Consolidating Three Cloud Functions into One

We had three Cloud Functions handling exchange rate data. One fetched rates from an external API and wrote them to Google Cloud Storage. A second read from GCS and loaded into BigQuery. A third was an abandoned earlier attempt that loaded directly from the API to BigQuery but had never been decommissioned. Three functions, three sets of logs, three potential failure points — for what is fundamentally one job: “get today’s exchange rates into BigQuery.”

The Before: Three Functions, Two Hops

Here’s what the architecture looked like:

┌──────────────────────────────────────────────────────────────────┐
│ BEFORE: 3 Cloud Functions                                        │
│                                                                  │
│  ┌─────────────────────┐    ┌──────────────────────────────┐    │
│  │ fn_rates_api_to_gcs │───▶│ GCS: rates/2026-03-15.json   │    │
│  │ (Pub/Sub trigger)   │    └──────────────┬───────────────┘    │
│  └─────────────────────┘                   │                     │
│                                            ▼                     │
│  ┌──────────────────────────┐    ┌─────────────────────┐        │
│  │ fn_rates_gcs_to_bigquery │───▶│ BigQuery: rates table│        │
│  │ (Pub/Sub trigger)        │    └─────────────────────┘        │
│  └──────────────────────────┘                                    │
│                                                                  │
│  ┌──────────────────────────┐                                    │
│  │ fn_rates_direct_load     │  ← abandoned, still deployed       │
│  │ (HTTP trigger, unused)   │                                    │
│  └──────────────────────────┘                                    │
└──────────────────────────────────────────────────────────────────┘

The GCS intermediate step was originally designed as a “staging area” for auditability.
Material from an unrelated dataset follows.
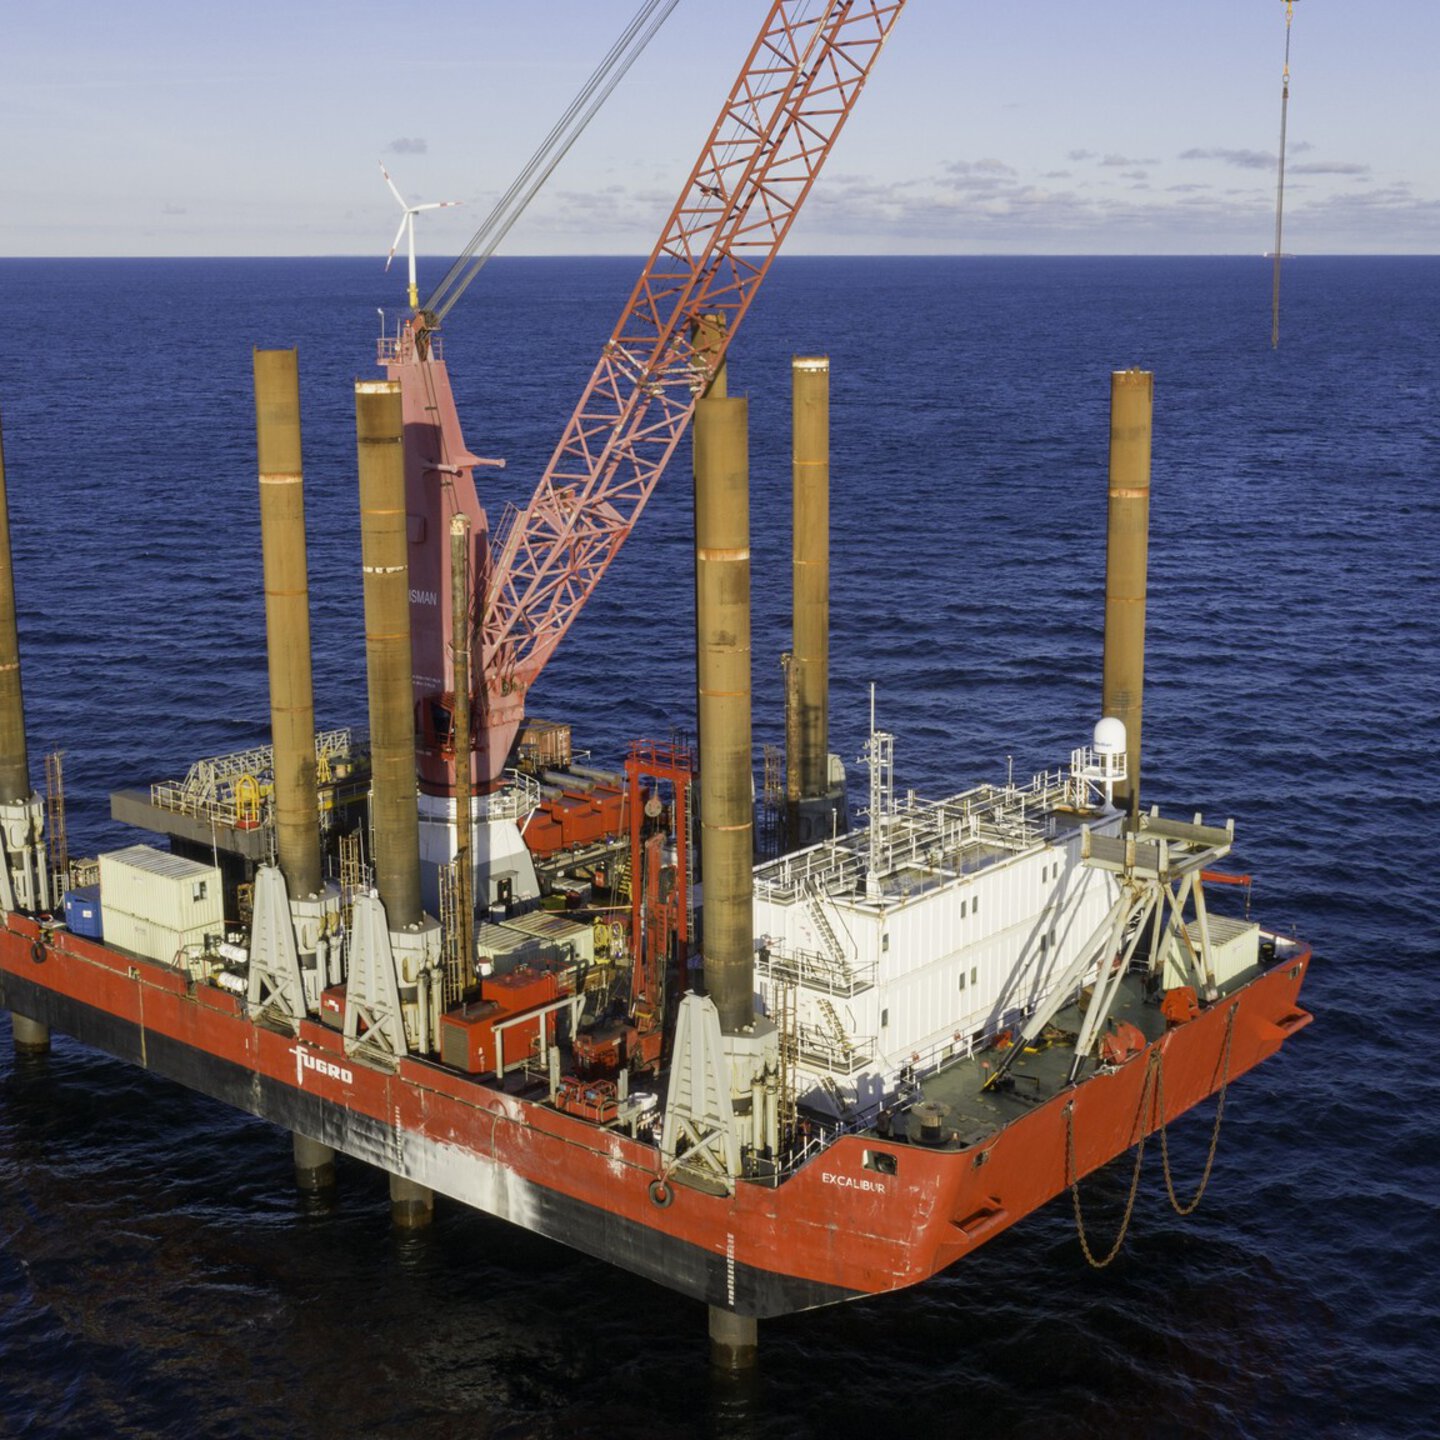 Excalibur jack-up rig working on Gennaker offshore wind farm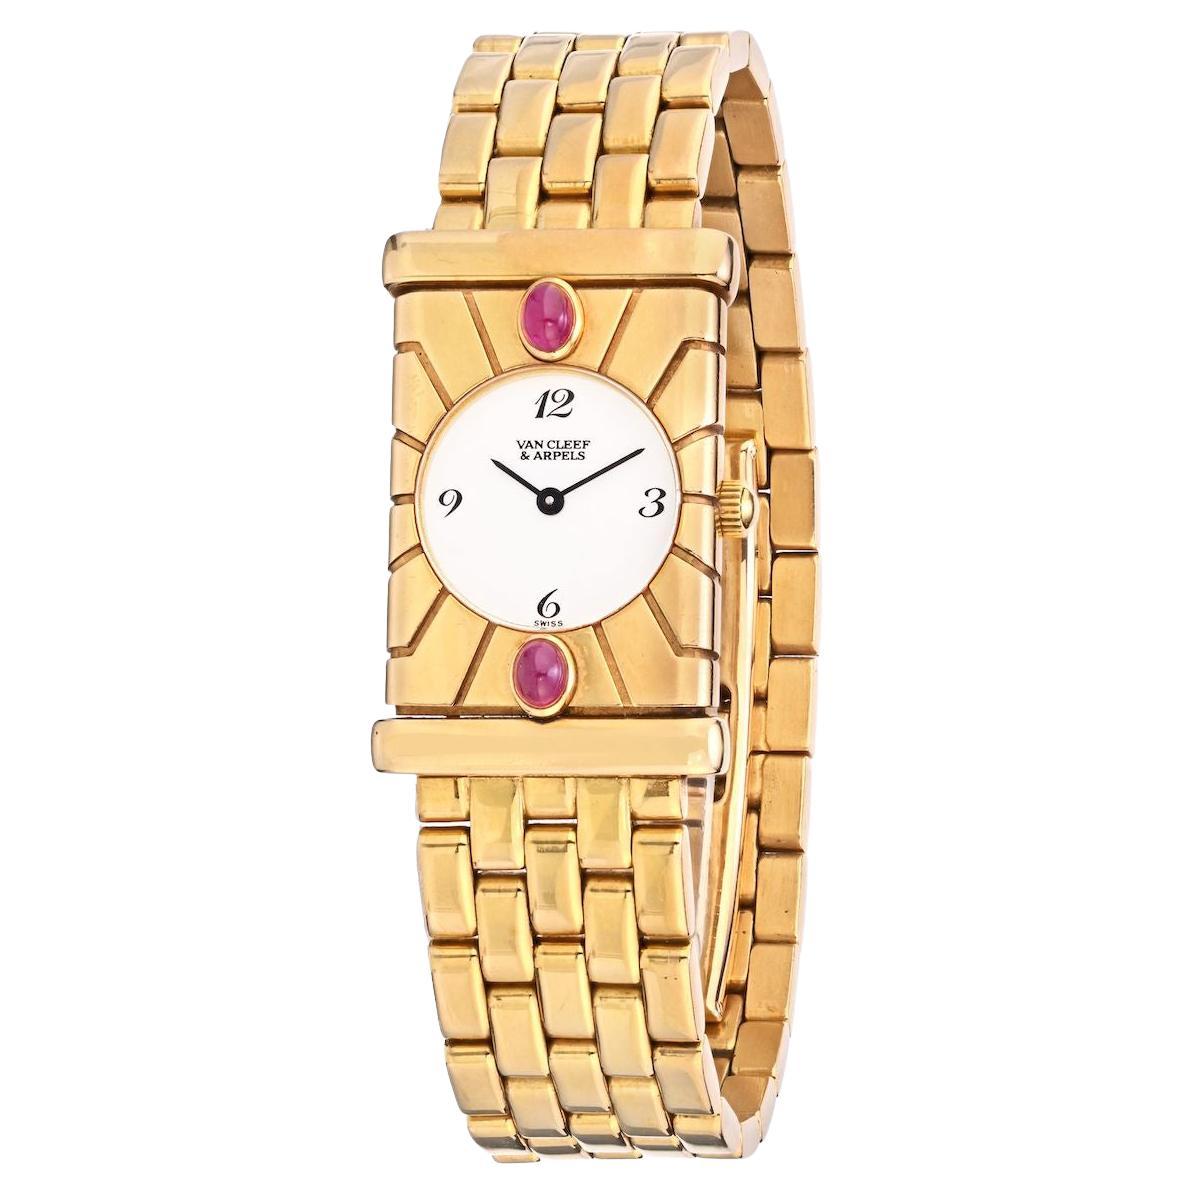 Van Cleef & Arpels Façade 18K Gelbgold Vintage Uhr im Angebot

In practice, nobody ever looked at the JSON files in GCS. They just accumulated, costing storage and adding latency.

The After: One Function, Direct Load

┌──────────────────────────────────────────────────────────────────┐
│ AFTER: 1 Cloud Function                                          │
│                                                                  │
│  ┌──────────────────────────┐    ┌─────────────────────┐        │
│  │ fn_exchange_rates_sync   │───▶│ BigQuery: rates table│        │
│  │ (Pub/Sub trigger)        │    └─────────────────────┘        │
│  └──────────────────────────┘                                    │
│                                                                  │
└──────────────────────────────────────────────────────────────────┘

The Consolidated Function

The new function fetches exchange rates from the API and loads them directly into BigQuery in a single invocation. Key design choice: WRITE_TRUNCATE instead of WRITE_APPEND. The old pipeline used append mode, which occasionally caused duplicate rows when retries happened. Since the exchange rate table is small (one row per currency pair per day, ~180 rows per day), truncating and rewriting the full daily set is cheap and guarantees no duplicates.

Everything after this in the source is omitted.